- _Required action_
Output the data verbatim, minus the images.

- _Data provided_
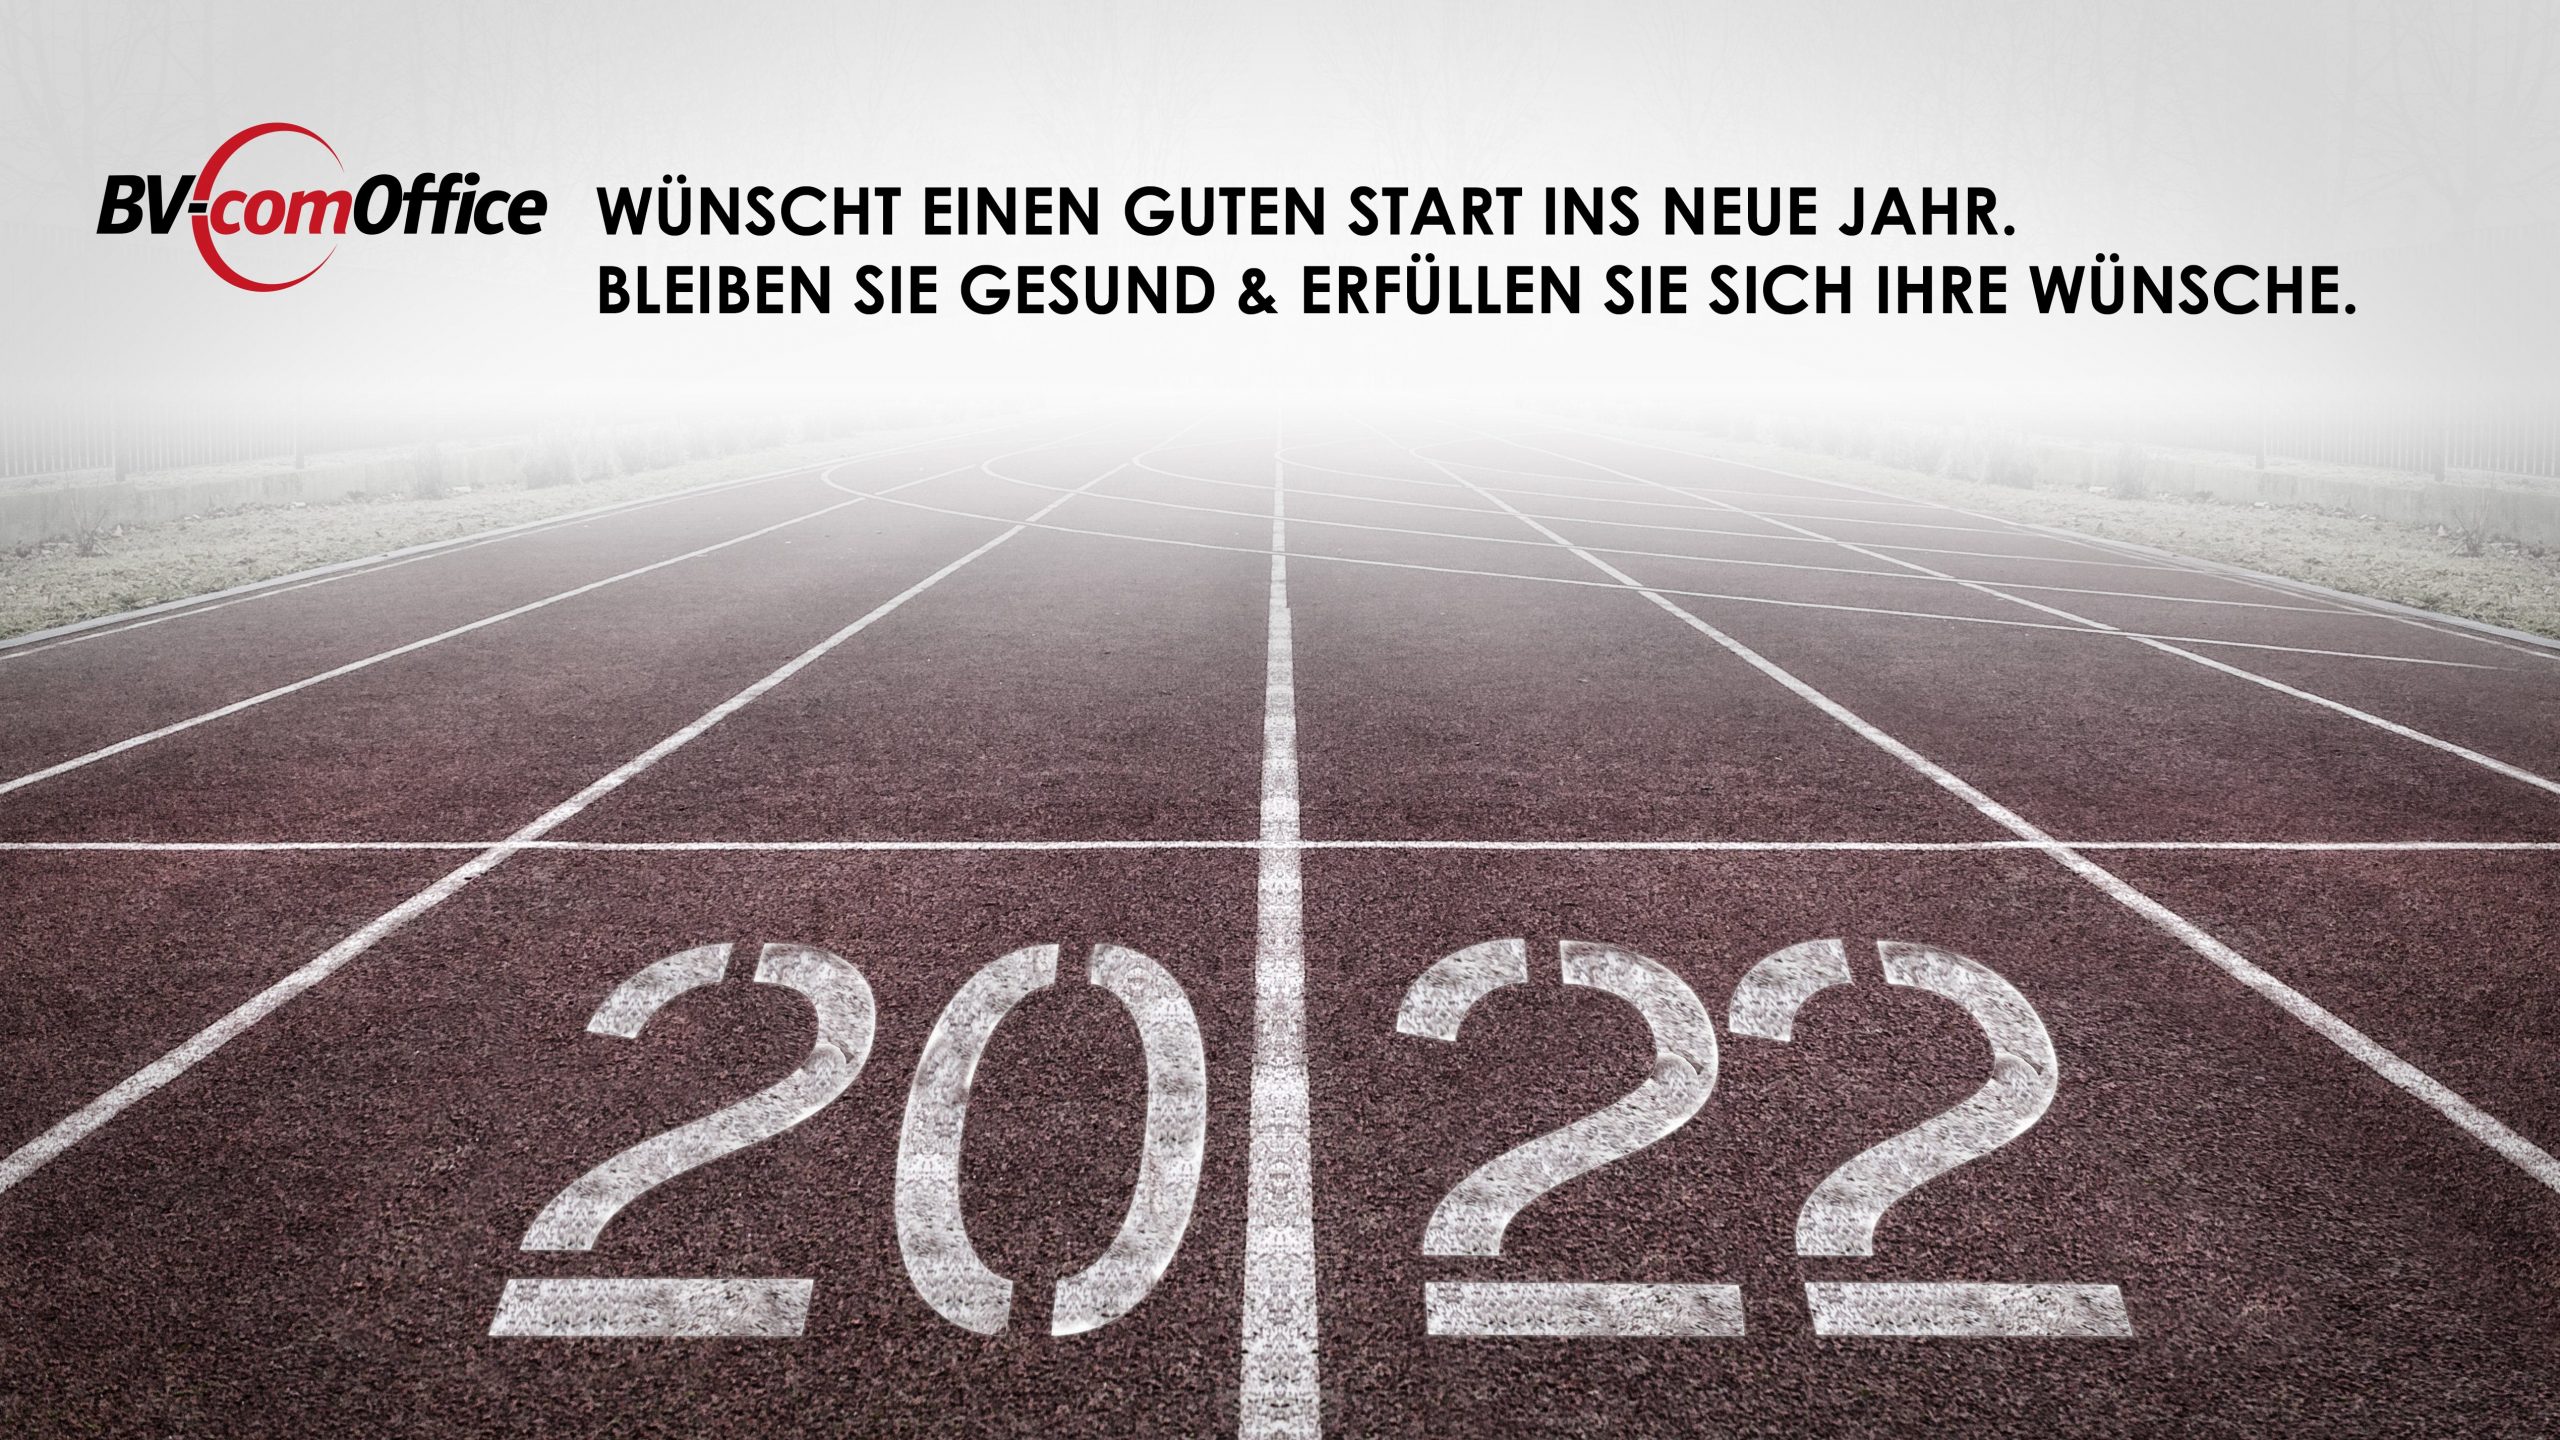 BV-comOffice_Start in 2022
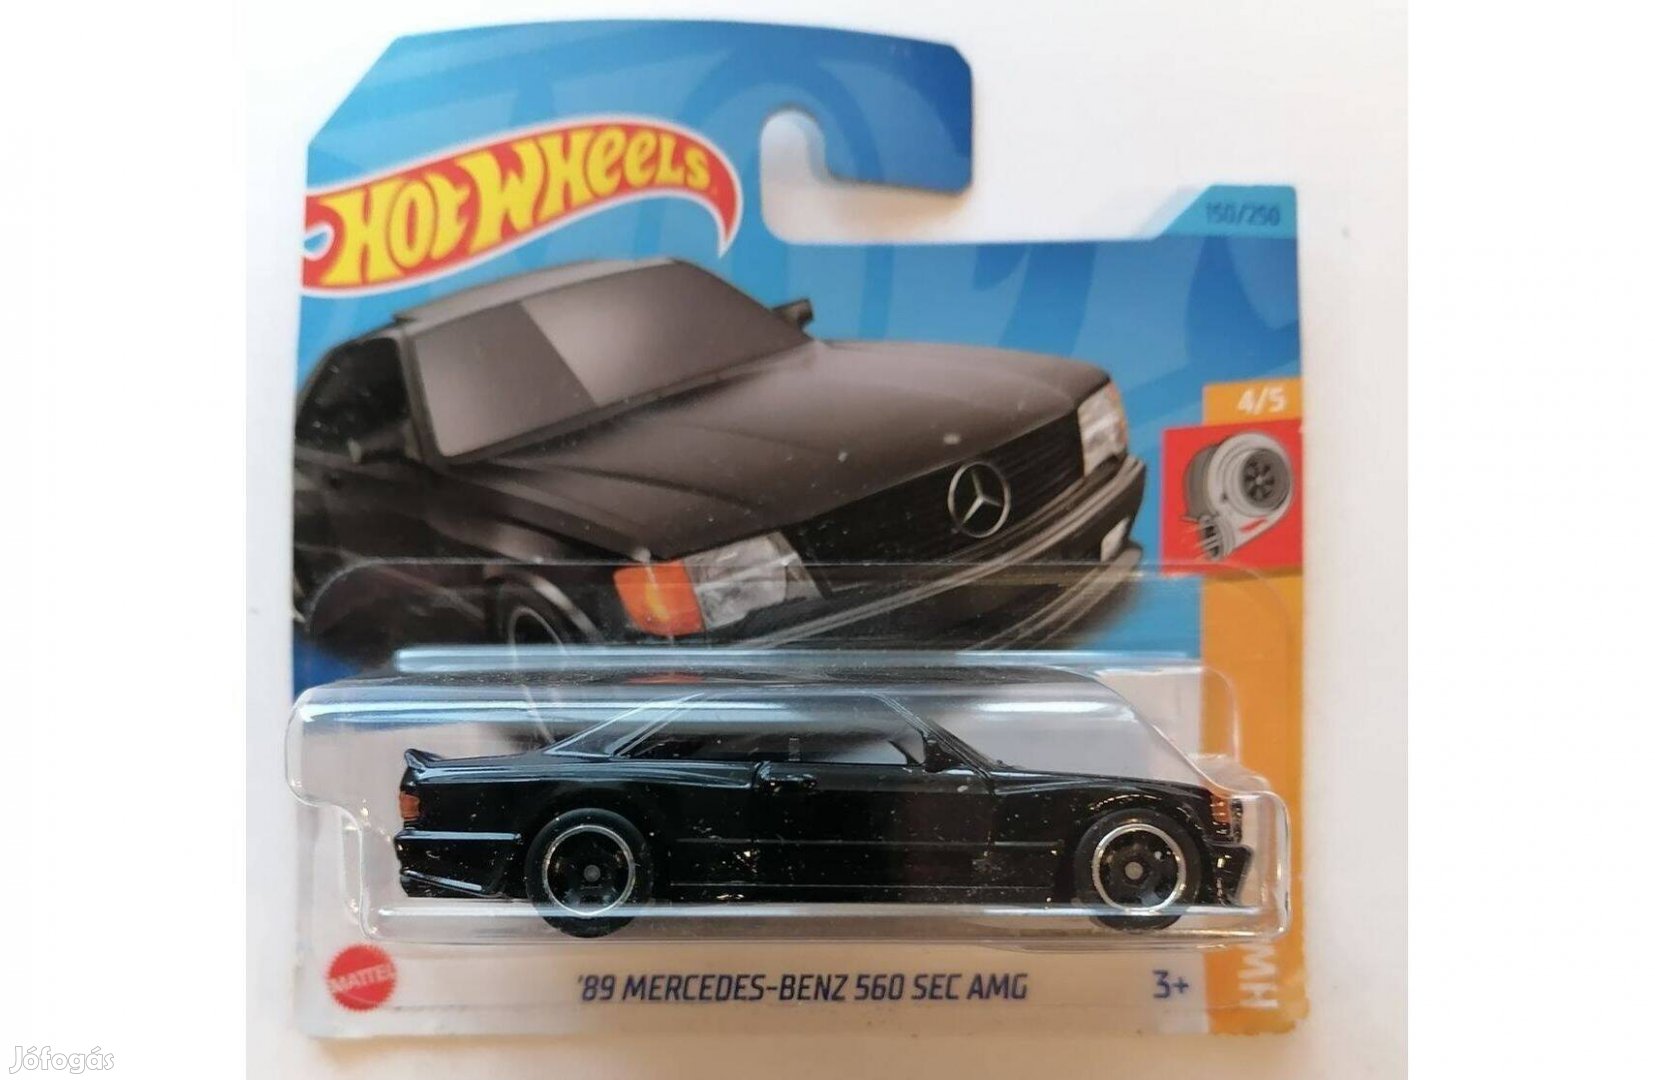 Hot Wheels '89 Mercedes Benz 560 SEC AMG black
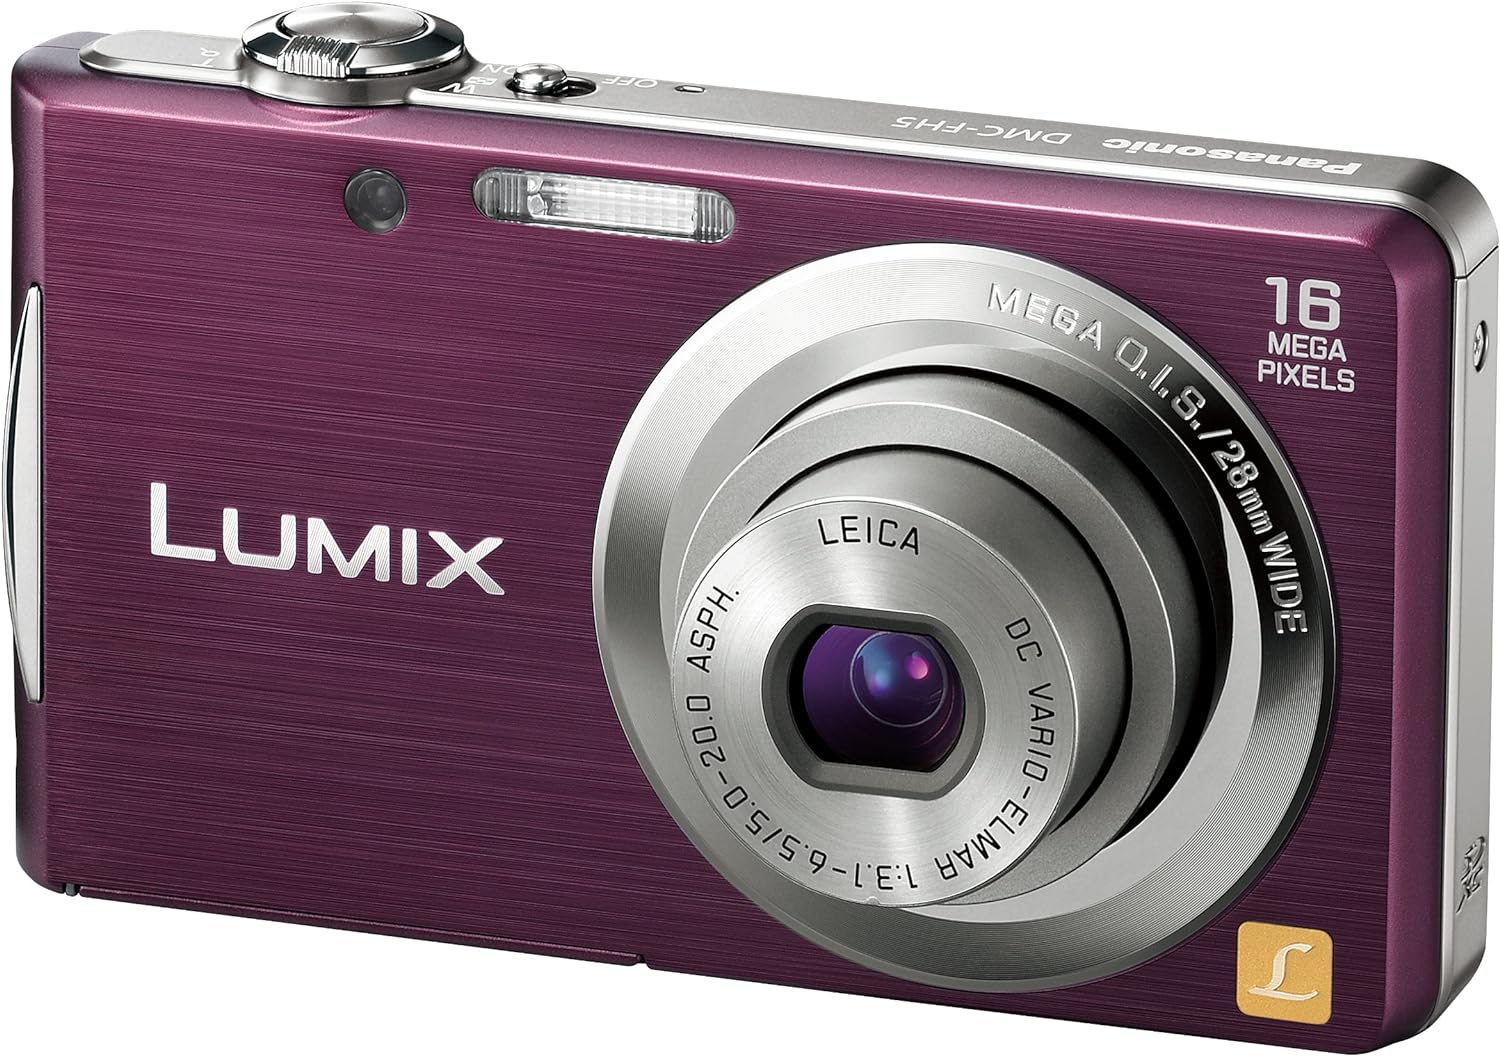 【中古】パナソニック デジタルカメラ LUMIX FH5 バイオレット DMC-FH5-V

- _Result of the task_
 BV-comOffice_Start in 2022
 Hot Wheels '89 Mercedes Benz 560 SEC AMG black
 【中古】パナソニック デジタルカメラ LUMIX FH5 バイオレット DMC-FH5-V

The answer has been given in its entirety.